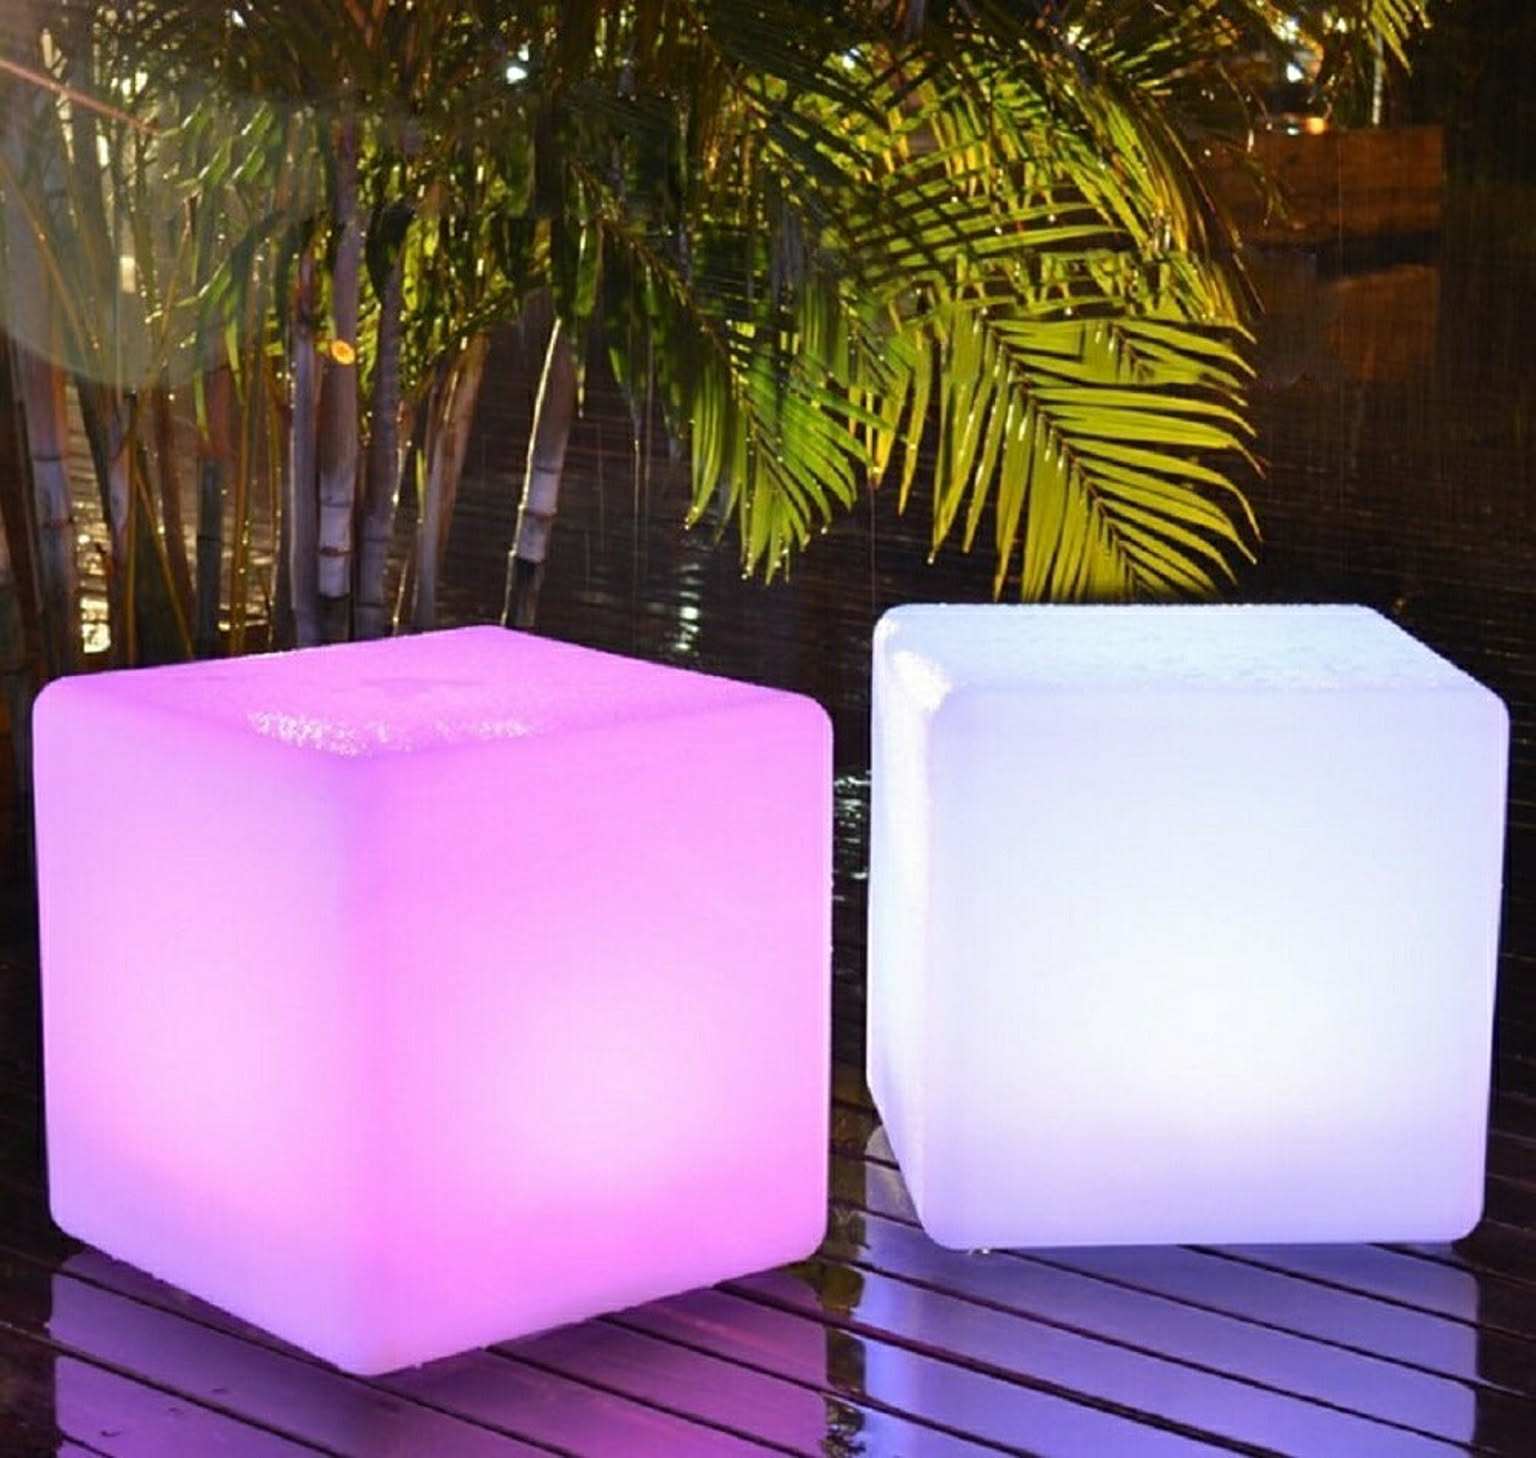 12色 LED ボックス チェア スツール おしゃれ コンパクト 充電式 パーティー 光る チェアー 椅子 小さい 低め スクエア 正方形 ミニ クラブ バー デザイン
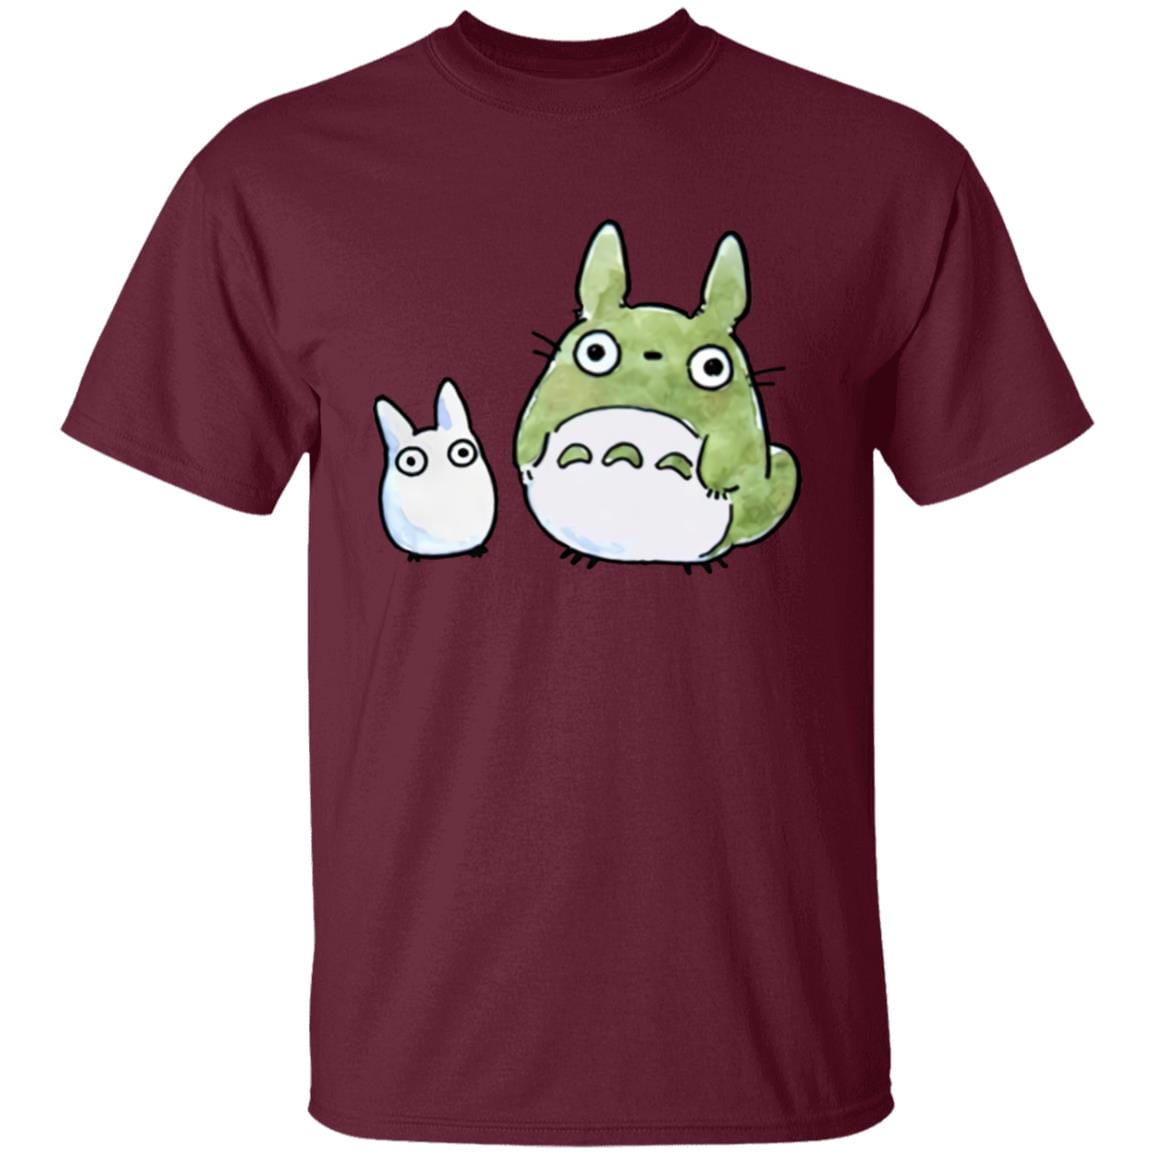 Totoro Family Cute Drawing T Shirt
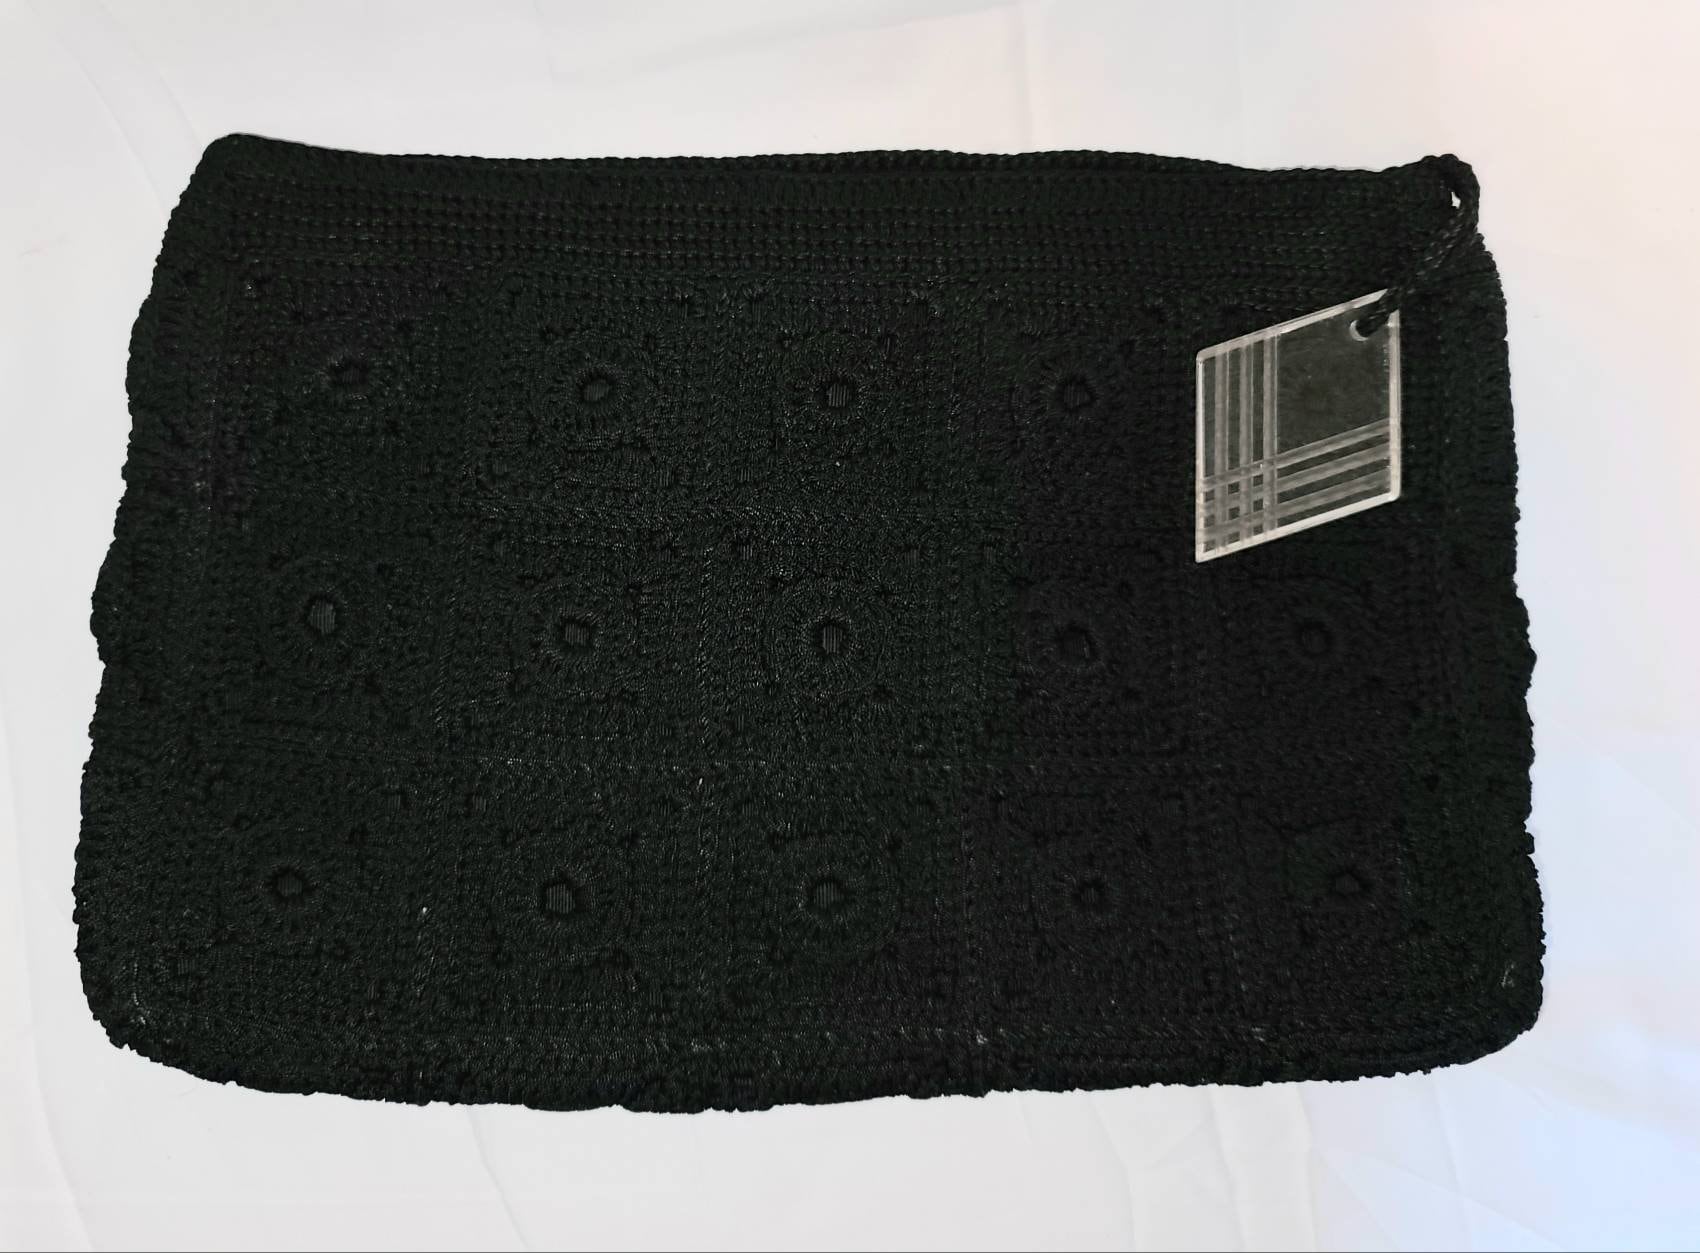 SALE Vintage 1940s Purse Large Black Crochet Clutch Handbag Carved ...

________________________________________

**TASK GOAL:** The response must match the listing exactly, except that pictures are removed.

**EXERCISE RESULT:**
 12色 LED ボックス チェア スツール おしゃれ コンパクト 充電式 パーティー 光る チェアー 椅子 小さい 低め スクエア 正方形 ミニ クラブ バー デザイン
 Totoro Family Cute Drawing T Shirt
 SALE Vintage 1940s Purse Large Black Crochet Clutch Handbag Carved ...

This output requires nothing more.